Re: Action tracker, Minutes of Meeting: what is the best way to implement this in TikiWiki?
I second the request... right now I'm using an ordinary wiki page for this, with some action items hand copied to trackers. Doesn't work well.
I'd really like to see action items in a hypothetical meeting notes plugin added to a tracker that will repeatedly remind the owners that they have something to do.
As a side note, the new features in 1.9 look nice, but I don' t need most of them. They're targeted at "internet hobbyist" type sites more than anything. The ability to display image galleries (and the last images added), a jukebox, and quizzes and polls are probably very nice for small workgroups or for online groups working on things like writing wikis =) But they're all things I turn off automatically in an office environment.
Some stuff I'd really find useful should it ever find its was into a wiki:
- Better support for access to outside data sources (ability to view/edit database tables, interfaces to other applications like peoplesoft, microsoft AD/LDAP)
- Support for an external WYSIWIG editor - most of the people I have writing docs complain about the tiny TEXTAREA editor included with the wiki. I would love to give them something like Abiword to edit with.
- Import scripts for other wiki types, so I can import content from all the other wikis out in the world
- Much more inter-wiki communication. I want the ability to send items between trackers in a known, pre-defined format between wikis using something like the "external wiki" link syntax.

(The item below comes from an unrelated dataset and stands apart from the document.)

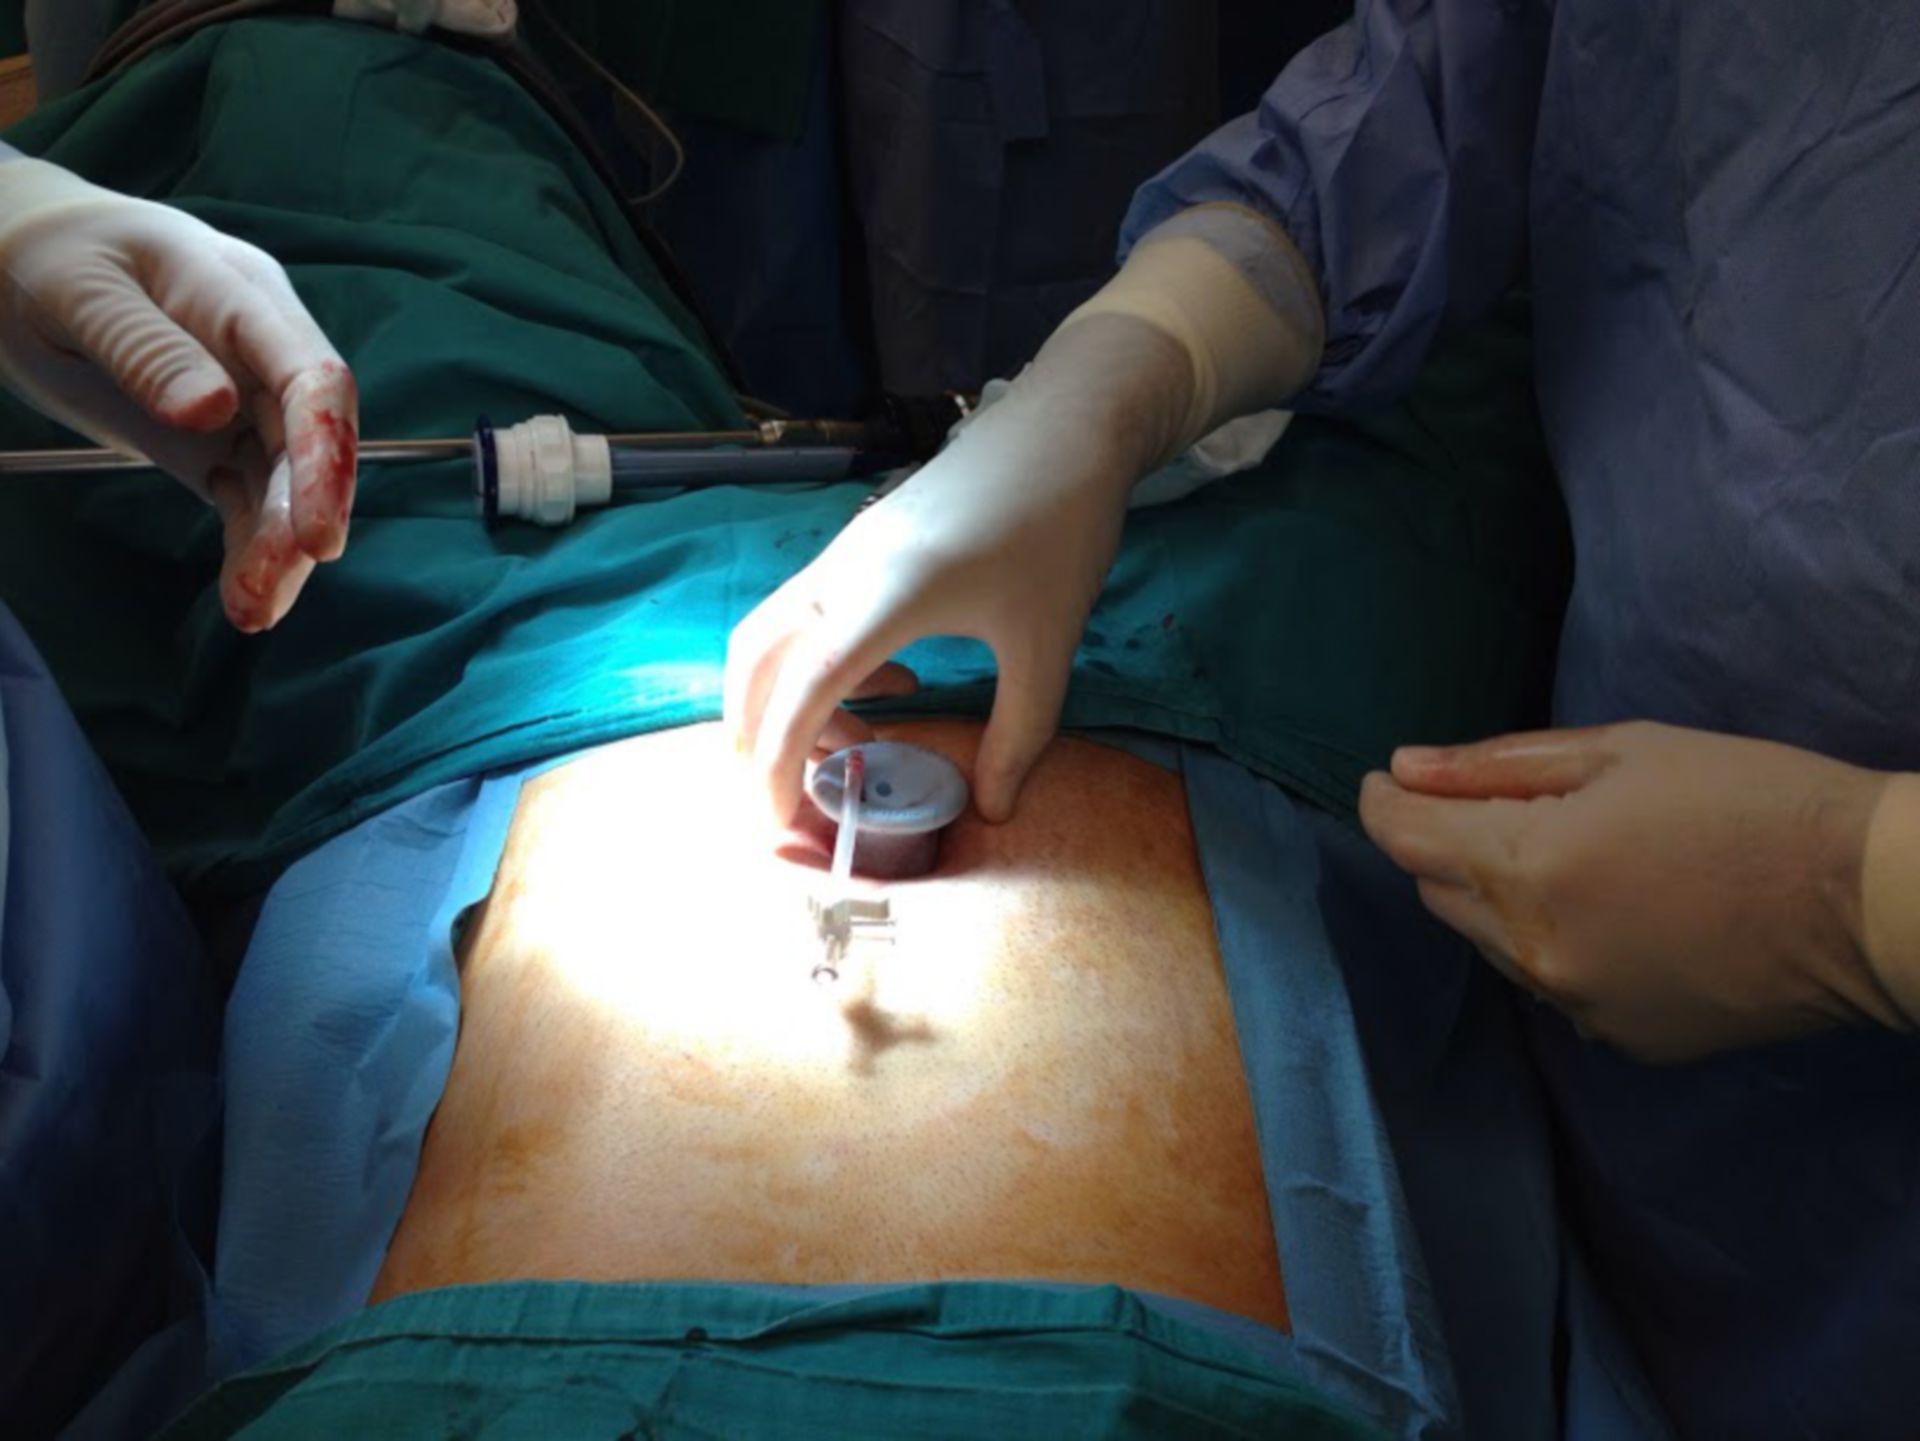 SILS (singola incisione laparoscopica Operazione)

A general way of sending objects (file, image, page, whatever) between wikis would be a really good thing, as would the ability for one instance of tikiwiki to define a "link" to an external tikiwiki page which is updated/cached regularly. So, I could have a single page with, for example, announcements on one wiki that all the other wikis display.
- Namespace support... right now I'm using multi-tiki for supporting multiple departments, and it's a lot of work. Best for me would be the ability to define multiple namespaces with separate permissions and also sub-namespaces that inherit permissions from their parent. IE, Engineering namespace with child electrical with its own document tree starting in Engineering.electrical
- On the subject of names, maybe a way to enforce page naming conventions would be good? We've adopted the use of a page path as a prefix to the name to avoid name collisions... if our users do things right, we end up with a top level page named TOC, with sub pages off of it, like TOC.Linux, TOC.Solaris, and they have child pages named likewise: TOC.Solaris.SVM, TOC.Solaris.Hardware...
- An XMLRPC api for wiki use... there are a lot of programs out there now that support interfaces using XMLRPC. I can work with PHP to do this, but some easy way to do it from within wiki pages would be great.
- Finish the Workflow engine - add more flexibility and make it easier to use. This feature is an incredibly powerful one for corporate use - the ability to automate business processes is a killer application. The problem right now is the large effort required to get a flow working. Maybe including some skeleton programs automatically to the various steps would be good, with modules/subroutines for accessing wiki features like DSNs, editing trackers, editing pages, etc? IE, you create workflow steps, and you can insert into each step a template for code. At the end of the flow creation you could click a button to check syntax of your code, make sure it does something sane, etc. A php code generator?
- More finished/flexible features scaled for enterprise use throughout the wiki - for an example look at the PDF generation feature. You can select wiki pages to include in the PDF one at a time. This sucks for any wiki larger than a certain size. I find limitations like this all over tikiwiki.... features that work fantastically for a small wiki, but are broken in anything large enough to be corporate useable. As a rule of thumb, if a feature wouldn't work with a tiki DB the size of the wikipedia, it's not useable in corporations.
- Get away from the use of an "admin" account for super-user. For many modern corporations, regulatory agencies and the government require per-user tracking for administrative functions, especially with regards to security. Have an admin account for setup of the wiki, but have its only function be to grant super-user privs to other accounts, who can then admin the wiki. That way when an action is taken using admin privs there's a record of it.
- Add better controls for handling user lists and privileges. The current method of searching through the user database and adding privs one at a time works for small sites, but sucks for sites like mine with a potential 3000 users.
- Freeze the database format and/or add a script API. I realize I can write scripts that access the tikiwiki back end database in perl or P HP, but I don't want to write them and then have to re-write them every time a new wiki version comes out. Is it really necessary to translate the database to a new format with every single release? It's not a huge deal to do this for a single wiki, but I need to do it for seven of them quickly enough so the users don't complain about the wiki being down...
- Add in a feature like the "avatar" but for corporate users make it a vCard-format with contact information. Most of my users disable avatars because they're unprofessional looking.
whew - That's a lot of venting. Keep in mind that I love and use Tiki a lot... it's the best out there, and I just want to see it get better.